Recombinant Nasturtium officinale ATP synthase subunit b, chloroplastic (atpF)

How does atpF in Nasturtium officinale compare structurally to atpF in other Brassicaceae species?

Comparative analysis reveals high conservation of atpF across the Brassicaceae family. The chloroplast gene encoding ATP synthase subunit b (atpF) in Nasturtium officinale shares significant homology with that of other Brassicaceae members:

Notably, the atpF gene contains introns in Nasturtium officinale as in other related species. These introns play important roles in post-transcriptional regulation and are conserved features in chloroplast genomes across the Brassicaceae family .

What are the optimal methods for expressing recombinant Nasturtium officinale atpF protein?

For successful expression of recombinant Nasturtium officinale atpF, researchers should consider the following methodological approach:

• Vector Selection: pET expression systems with T7 promoter have shown high efficiency for chloroplast proteins. For atpF specifically, include a His-tag or other purification tag at the N-terminus, avoiding the C-terminus where functional domains may be disrupted.

• Expression Host: E. coli BL21(DE3) or Rosetta strains are recommended due to their ability to handle plant codon usage. For atpF, which contains membrane-spanning regions, specialized strains like C41(DE3) or C43(DE3) designed for membrane proteins may provide higher yields.

• Induction Conditions:

  • Temperature: 16-18°C (rather than 37°C)

  • IPTG concentration: 0.1-0.5 mM

  • Duration: Extended induction (overnight)

  • Growth phase: Mid-log phase (OD₆₀₀ = 0.6-0.8)

• Solubilization Strategy: As a membrane protein component, atpF requires proper solubilization using mild detergents such as n-dodecyl-β-D-maltoside (DDM) or CHAPS at concentrations just above their critical micelle concentration.
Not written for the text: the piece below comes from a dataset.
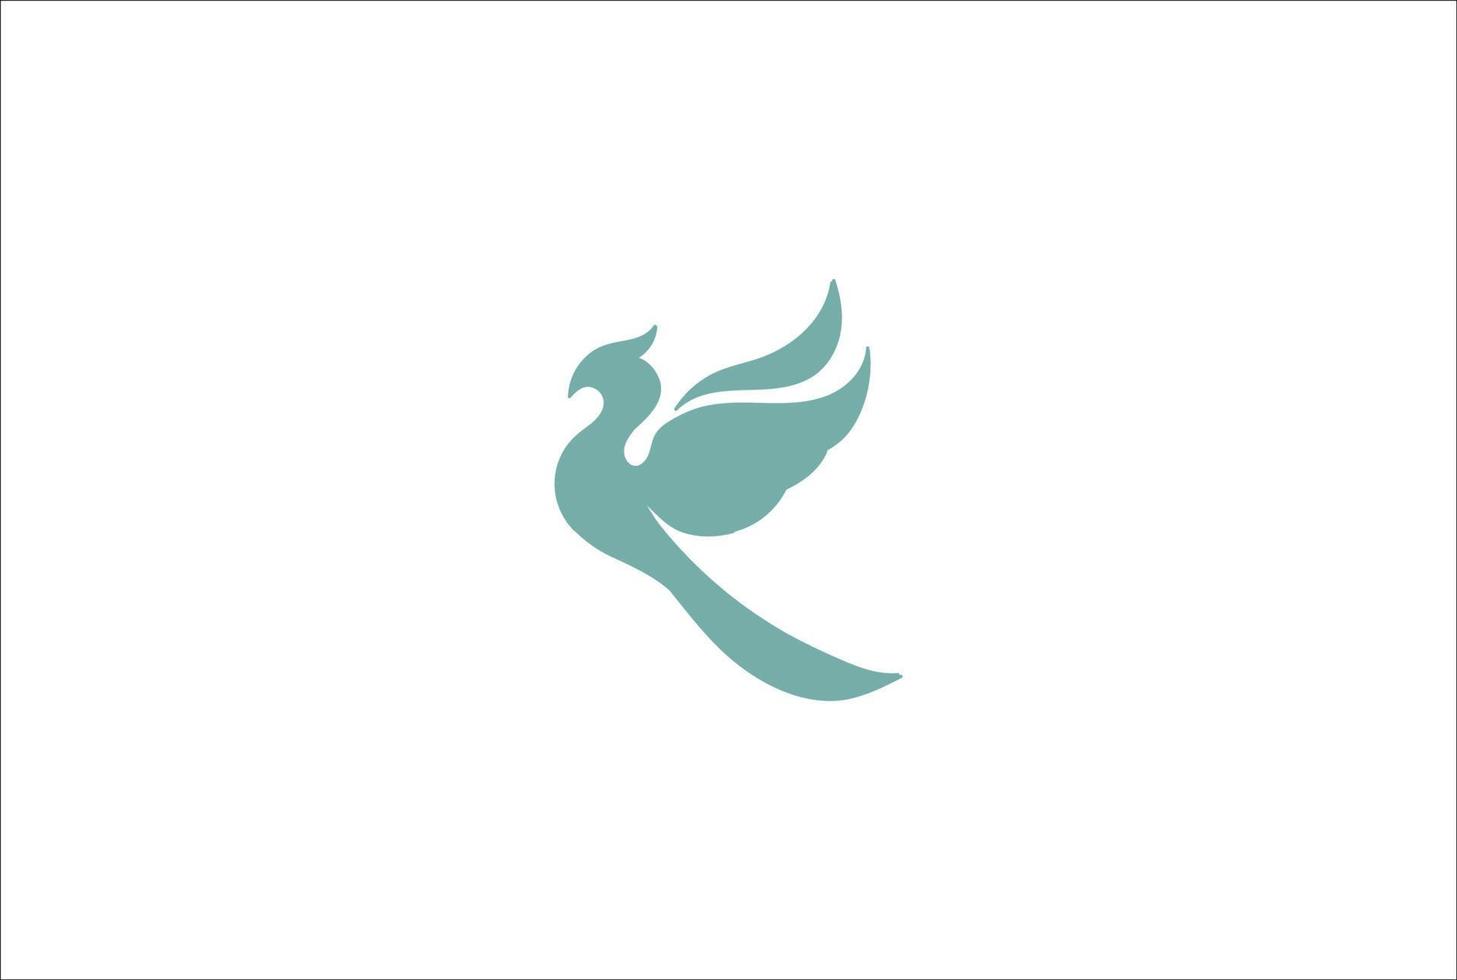 Simple Minimalist Flying Bird Eagle Falcon Hawk Phoenix Silhouette Logo Design Vector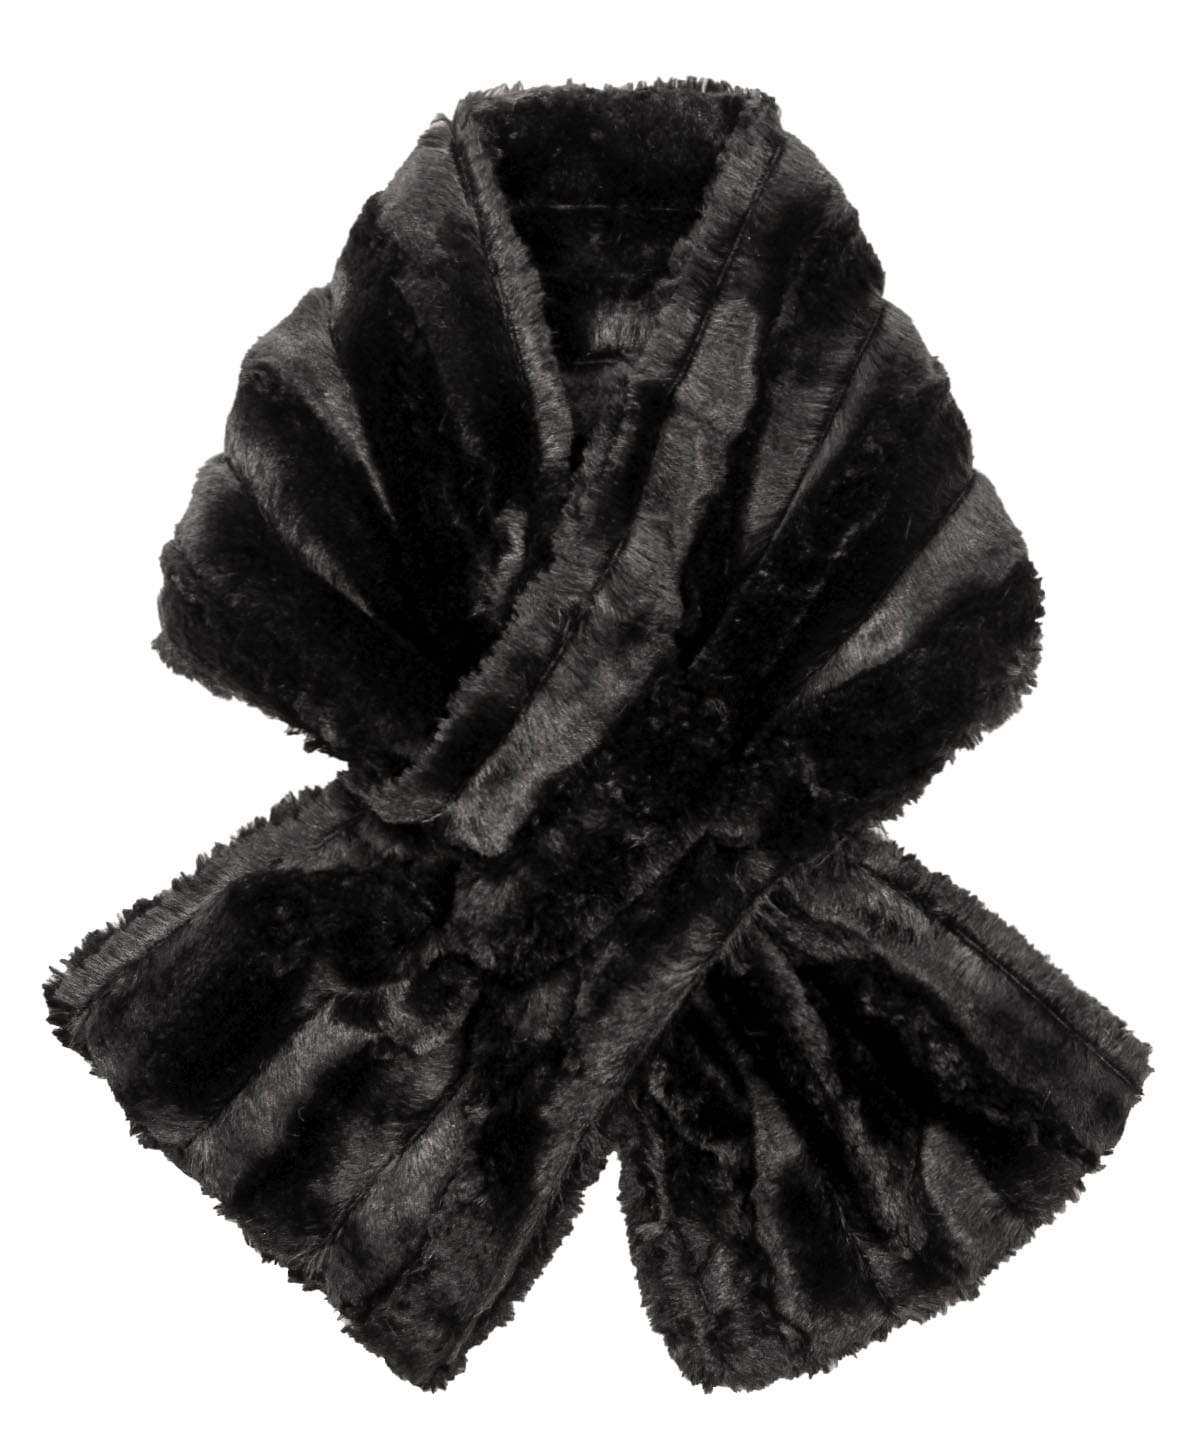 Pull-Thru Scarf - Minky Faux Fur in Black

This approach has been validated for similar chloroplast membrane proteins and can be adapted specifically for Nasturtium officinale atpF .

What techniques are most effective for purifying and characterizing recombinant atpF protein?

For purification and characterization of recombinant Nasturtium officinale atpF, the following methodological workflow is recommended:

• Purification Protocol:

  • Cell lysis: Sonication or pressure-based methods in buffer containing 50 mM Tris-HCl pH 8.0, 300 mM NaCl, 10% glycerol, and appropriate detergent

  • IMAC purification: Using Ni-NTA resin for His-tagged protein

  • Size exclusion chromatography: For removing aggregates and achieving higher purity

  • Consider on-column refolding if inclusion bodies form

• Characterization Methods:

  • SDS-PAGE and Western blotting: Confirm size (approximately 20 kDa) and identity

  • Circular dichroism: Assess secondary structure content

  • Mass spectrometry: Verify sequence integrity

  • Dynamic light scattering: Evaluate homogeneity

• Functional Verification:

  • ATPase activity assays

  • Reconstitution into liposomes to test proton translocation

  • Binding assays with other ATP synthase subunits

This comprehensive approach ensures both structural integrity and functional activity of the purified recombinant protein .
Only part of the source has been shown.